Luke Russert is a Washington D.C.-based correspondent for NBC News covering Capitol Hill, after being hired this time last year as a reporter covering youth issues. On the Web, he regularly writes for the First Read blog on MSNBC, and of course, you can find him on Twitter. There’s radio too – he continues hosting “60/20 Sports” with James Carville on Sirius/XM. The 23-year-old Russert is developing his own identity in the media world, after beginning his career as most notably ‘Tim Russert’s son.’ Now he participates in our latest edition of 5QQ – Five Quick Questions:
1. How do you get your first news of the day?
I use my Blackberry as my alarm clock, therefore when it goes off I hit dismiss and then immediately open an email from Mark Murray that contains MSNBC’s “First Read.” I read the whole thing in bed before taking a shower.
2. Either, Or (you gotta pick one!): Letterman or Conan, Blackberry or iPhone, Oprah or Ellen, Time or Newsweek?
Conan- He’s the best and I interned for him.
Blackberry- The battery lasts longer than 10 minutes.
Oprah- She’s a living legend and I love Gayle King.
Newsweek– My mom got her first big break there so I am always thankful to them for giving a young woman a shot in the early 70’s- back then it was sadly a novel concept.
3. What’s the biggest story the media has missed this year? (Or last week):
Year in and year out, the media continues to ignore the basic fact that between our skyrocketing national debt and the trillions of dollars that entitlement programs will cost in the coming years, the Millennial Generation is going to be faced with extreme economic hardship. Folks from Brookings and the Heritage Foundation will both tell you that if government spending continues on its current course, by the time the Millennials are in their 50s and 60s there will not be enough money to pay for basic programs that Americans have been accustomed to having. 60 Minutes did a piece on this I believe in late 2007 or early 2008 when they interviewed David Walker then the head of the Government Accountability Office. However, I am continually amazed that more attention is not given to the issue. There is no doubt that car chases and celebrity gossip gets ratings, but more attention needs to be paid to large issues and their impact not at this very moment but thirty and forty years from now.

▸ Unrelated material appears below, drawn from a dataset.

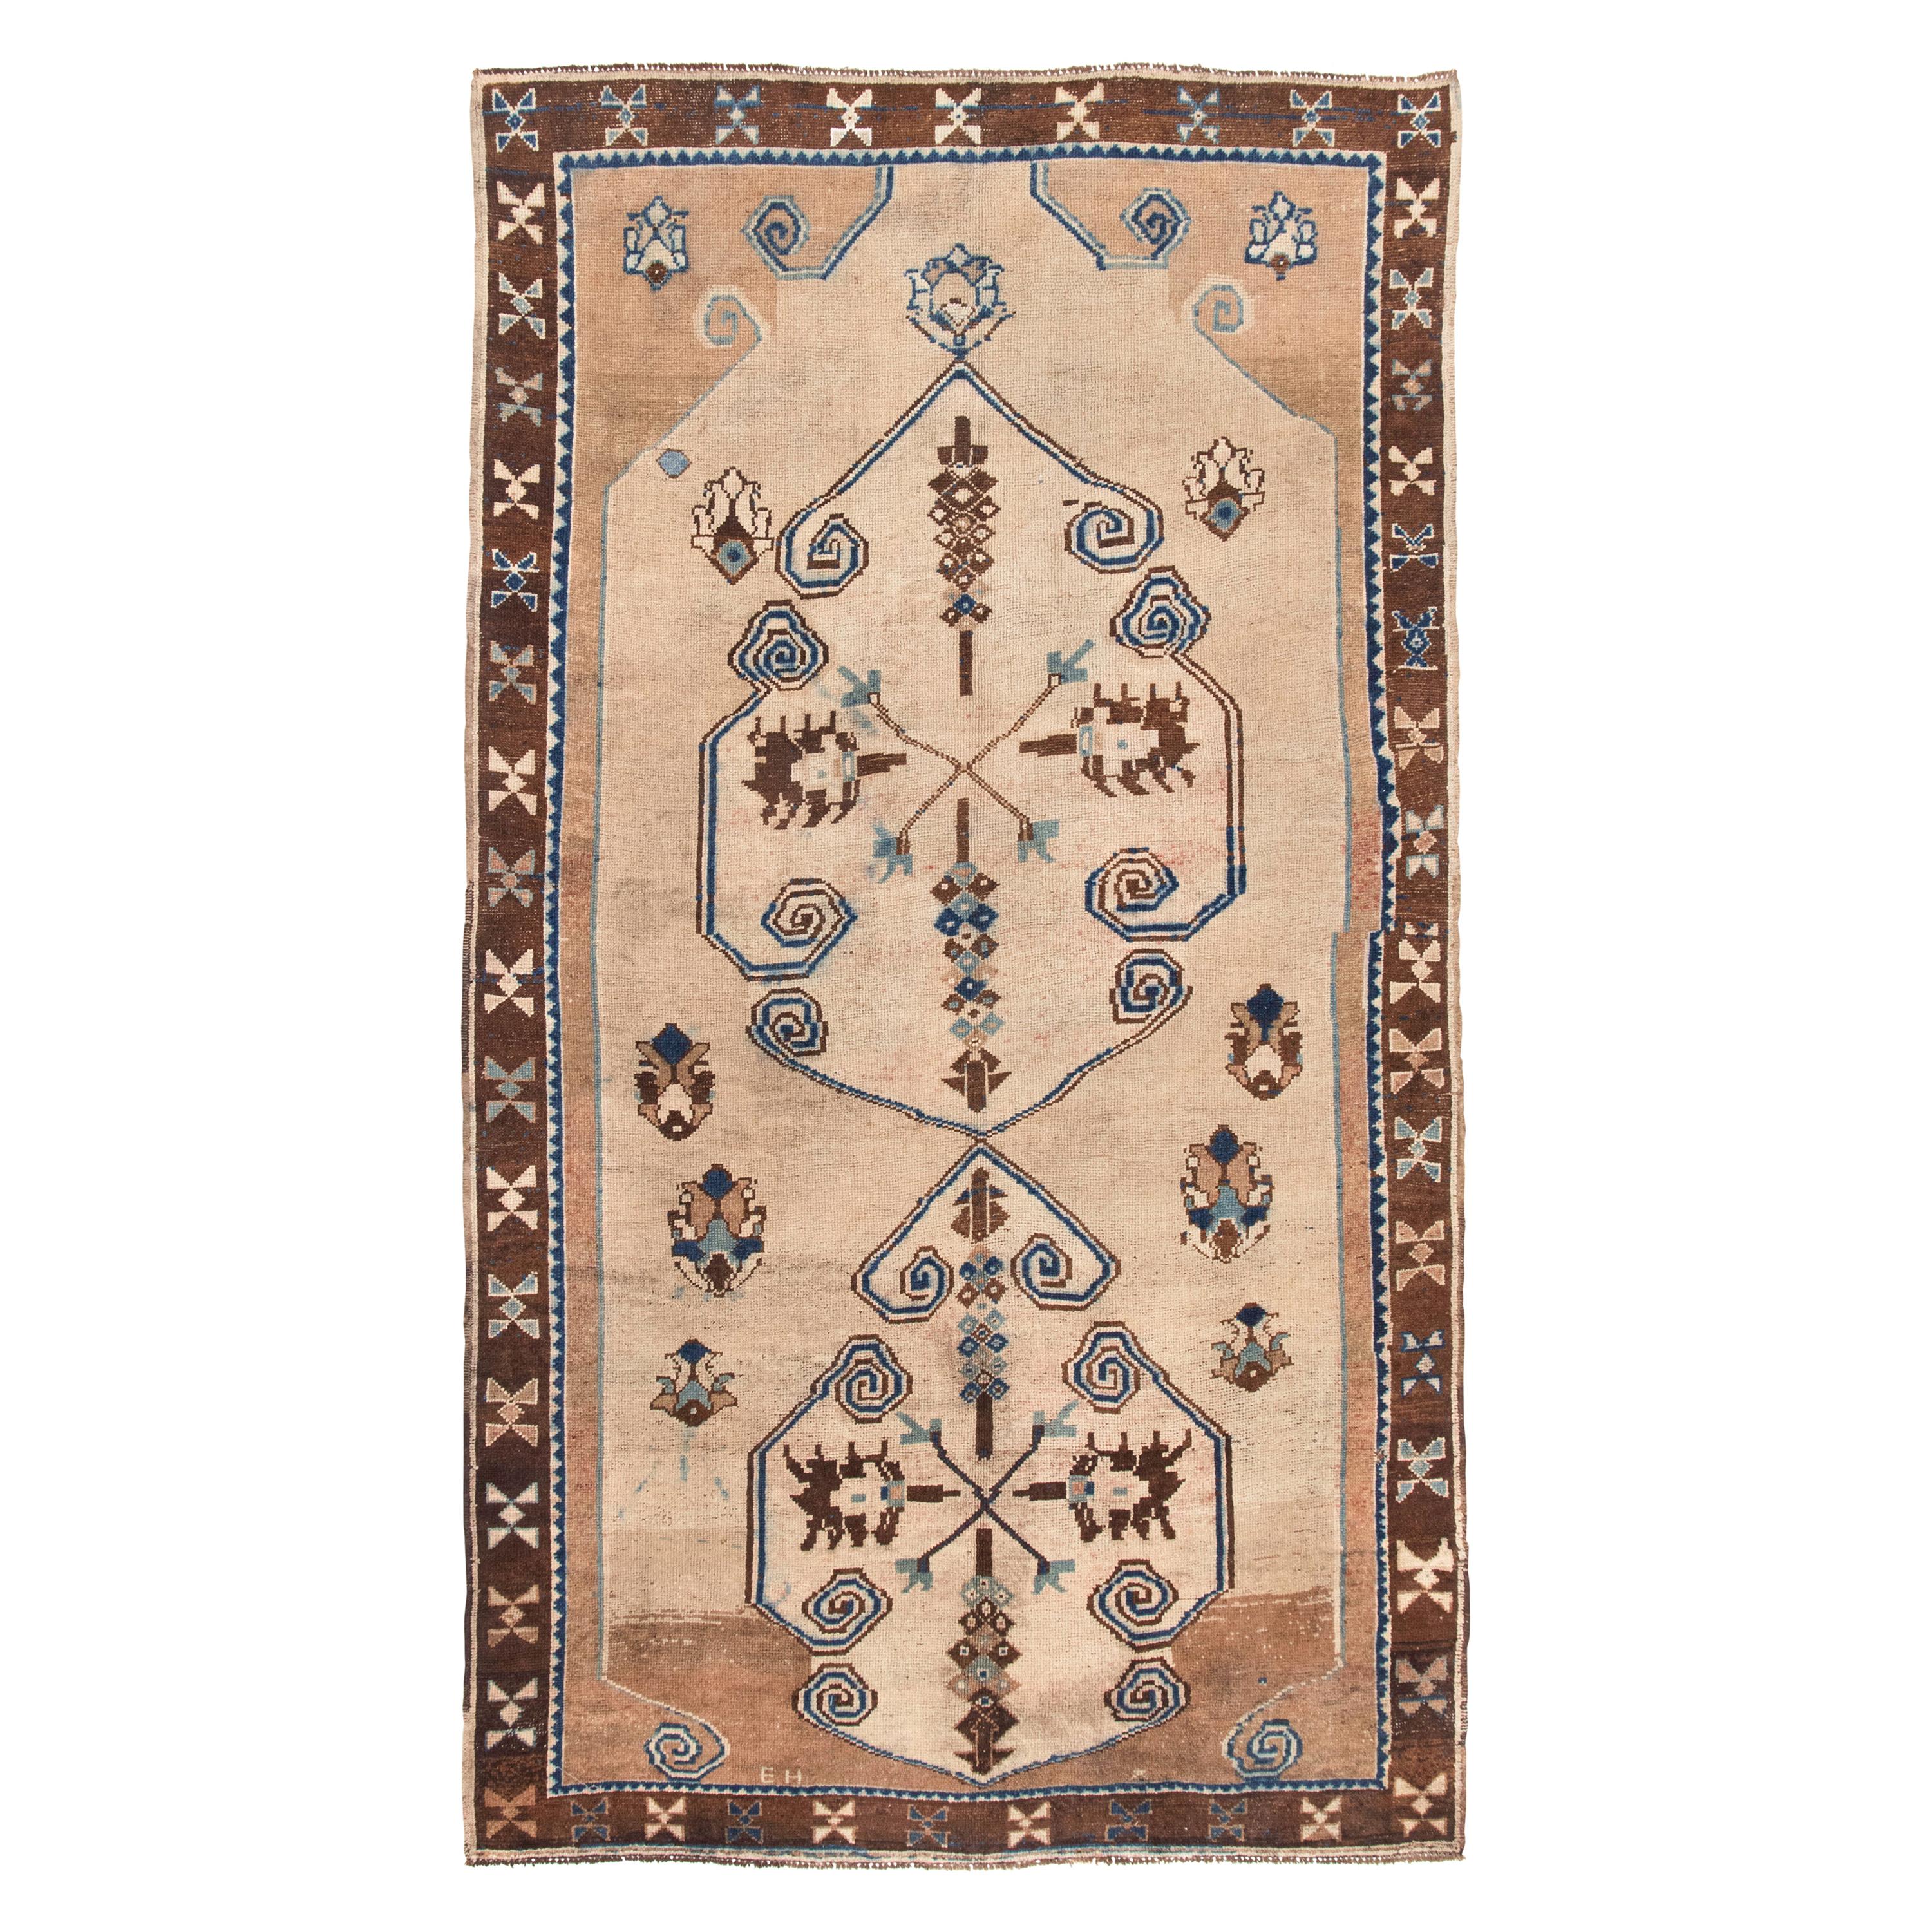 Türkischer antiker türkischer Teppich, um 1900

4. Obligatory Twitter Question: Describe yourself in 140 characters or less (hash tag optional!).
Independent. Proud American. Devout Catholic. Huge sports fan. Lover of politics and American History. Groupie for Springsteen & Jack White
5. Are you nervous or excited about the future of Journalism? Why?
Being twenty three years old I am very excited. The future of journalism on the broadcast side lies in the integration of TV and the internet. I think that the industry has only scratched the surface in this area and that just five years from now we will broadcast information in an entirely new a concise way through various platforms. While these are hard times for print, I do believe there is a market for good news content and print is what delivers that in the best way. My hope is that Google or another ground breaking company with deep pockets gets involved in the media business and buys something like the Boston Globe so there is a blueprint for innovative journalism grounded in first rate content coupled with great videos and podcasts etc. Whatever happens I just feel lucky to be in the business at the dawn of a new era.